2. Add comments where needed – at the start, explain what you’re trying to achieve; for complex logic, give information that might help the unfamiliar reader; and at each join, summarise the attributes you need from the joined table.
3. Minimise – try to produce the least amount of code that will achieve the objective – the less code written means there is less chance of there being a bug in your code. For example, if you have a query that joins to a table multiple times, a better approach might be to create a sub-select for that table with a group by on the table identifier. I’ve often used this approach to reduce the lines of code in my scripts, with the added benefit of improved query performance.
Development Tool Selection
Finding the best development tool that works for you and your database platform is really important for productivity. I developed databases on Teradata for over 10 years and used Teradata SQL Assistant, mainly due to its syntax highlighting and more importantly, the inbuilt query history, which was a big benefit. I had years of query history stored and readily available to assist colleagues when they needed advice on using a table when I’d worked with it in the past.

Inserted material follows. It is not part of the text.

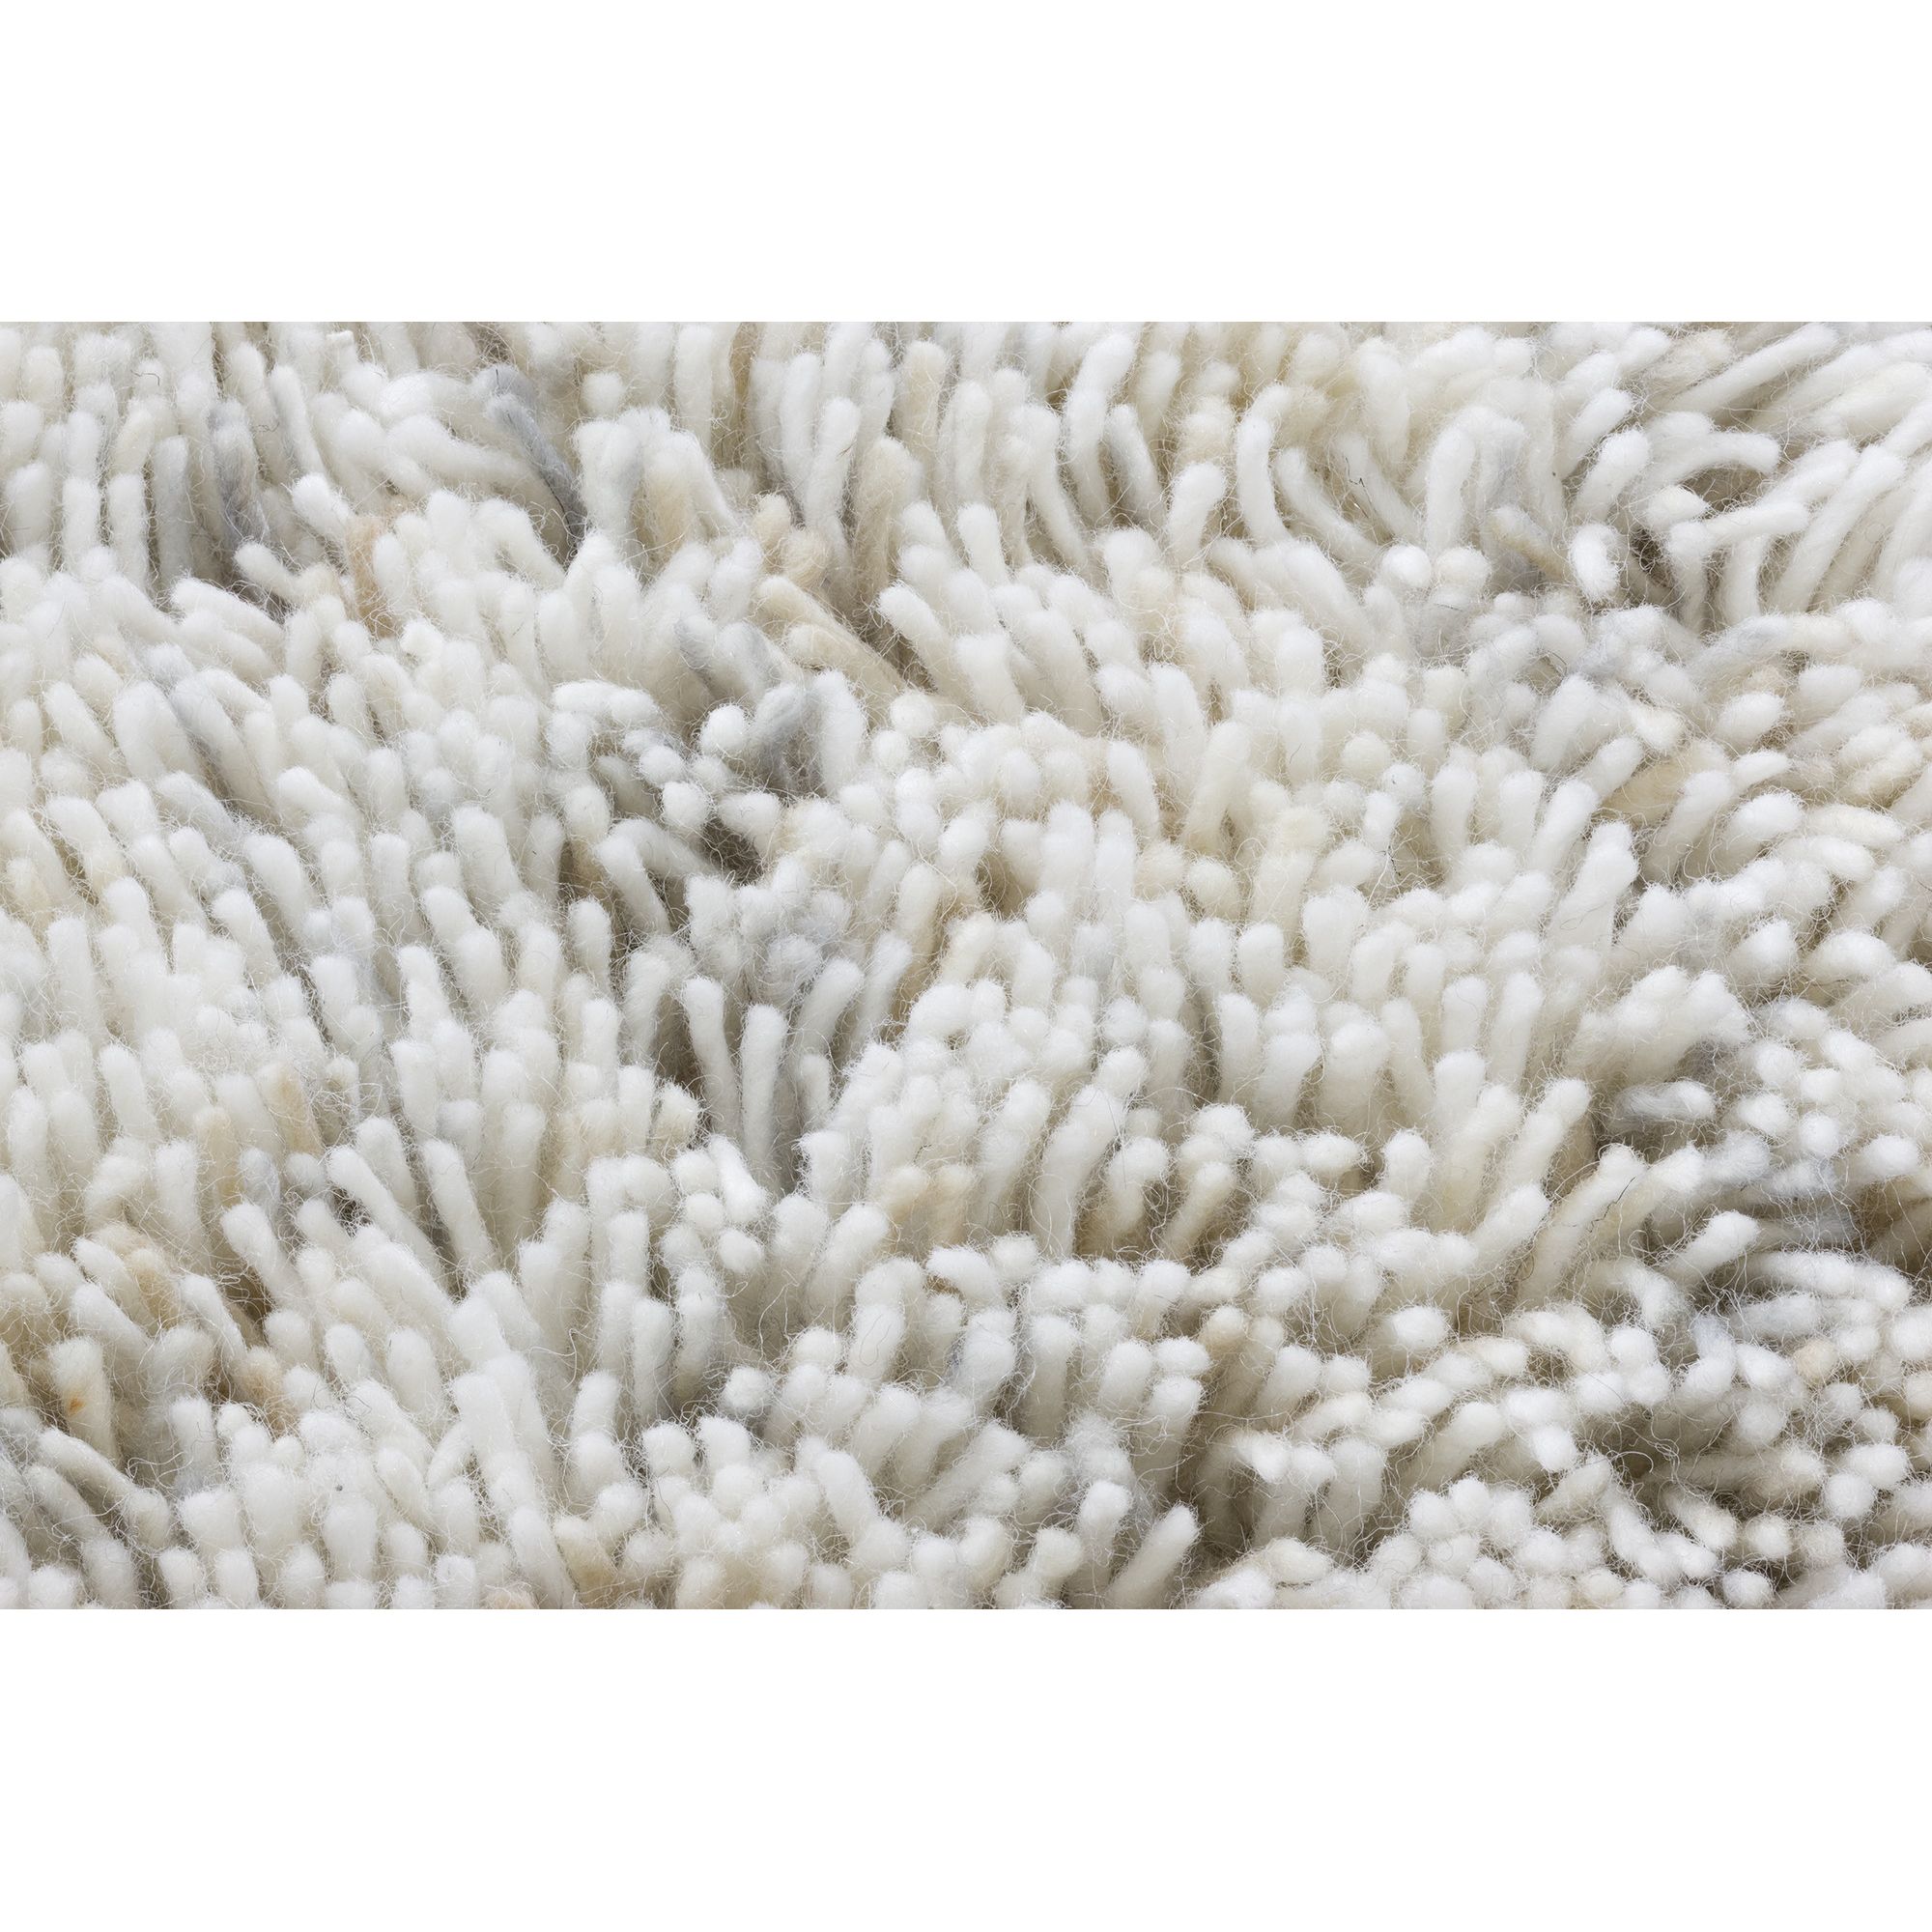 Linie Design Coral White Shag Rug - 300cm x 200cm at Tesco Direct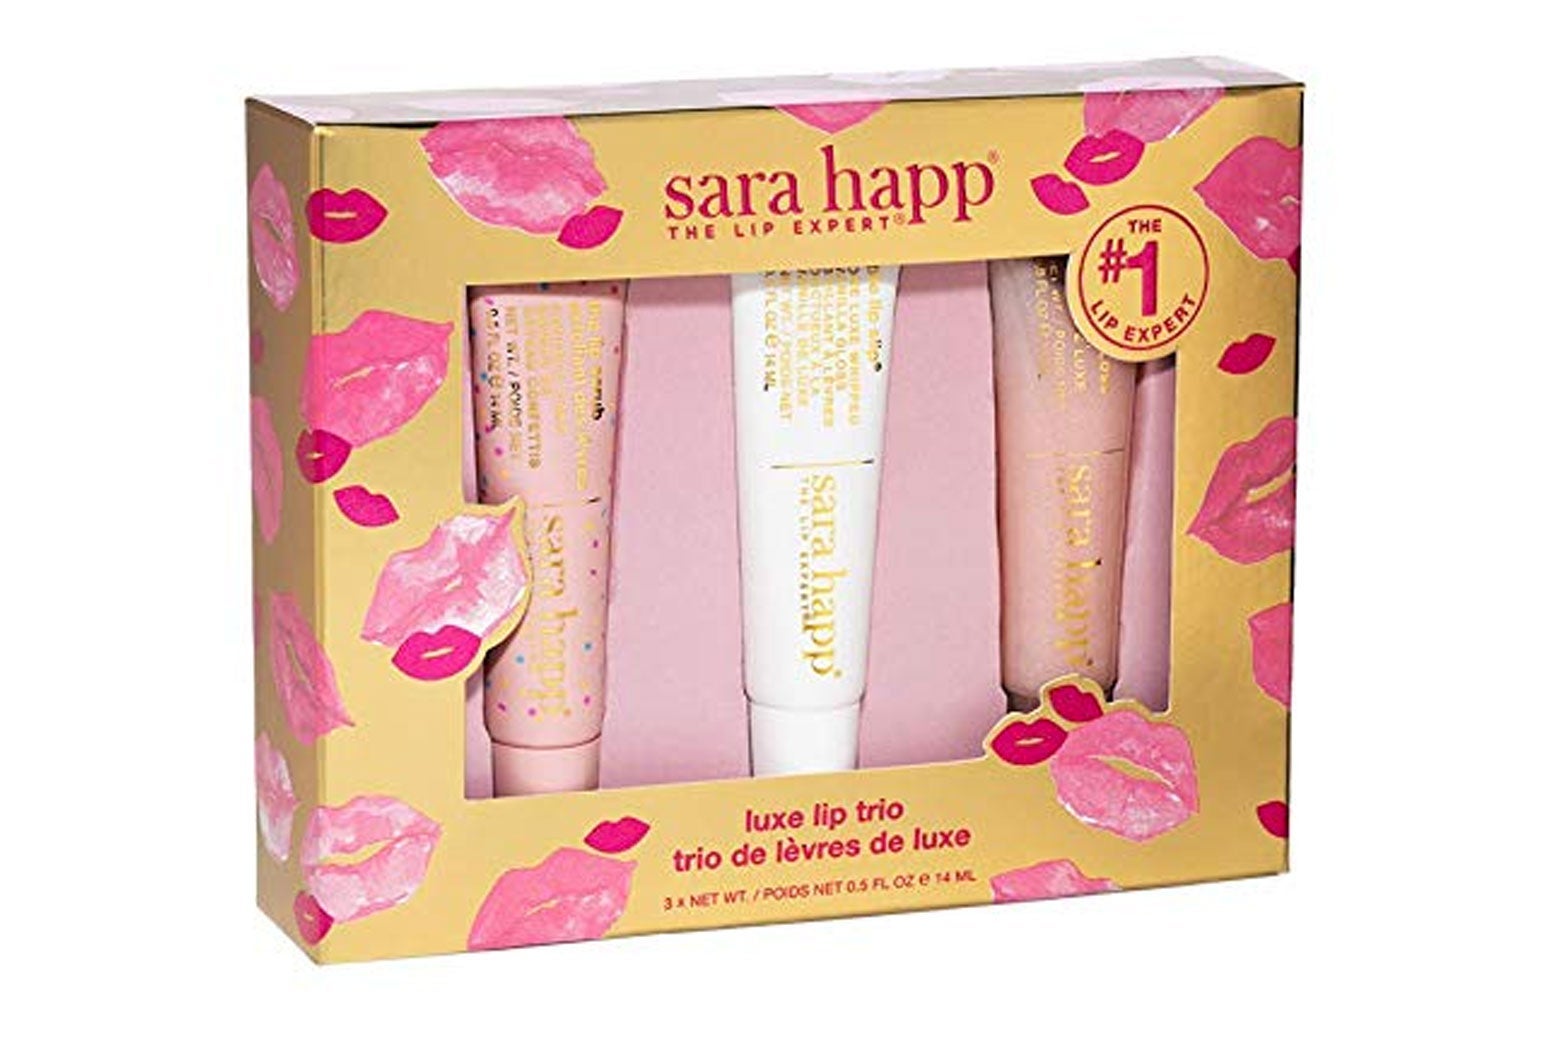 Sara Happ lip gloss kit.

I’ve been using Azure and AWS cloud databases as well as Snowflake for many years now, and my current development tool of choice is Microsoft Visual Studio Code. It’s a real pleasure to use VS Code when working with Azure databases as Microsoft’s SQL Server extension has excellent intelli-sense and ‘as-you-type’ error detection, which greatly increases debugging efficiency. Snowflake’s vendor-provided VS Code extension is also quite good, enabling seamless log-in and query history, but as of mid-2024, it doesn’t have ‘as-you-type’ error detection functionality, so it’s a lot more important to format your code cleanly in order to debug the syntax errors that occur. In addition, Snowflake’s syntax errors (again as of mid-2024 so this may improve in future) are quite often really unhelpful, and when working with huge Stored Procedures, I can’t impress enough how important it is to have well-structured code.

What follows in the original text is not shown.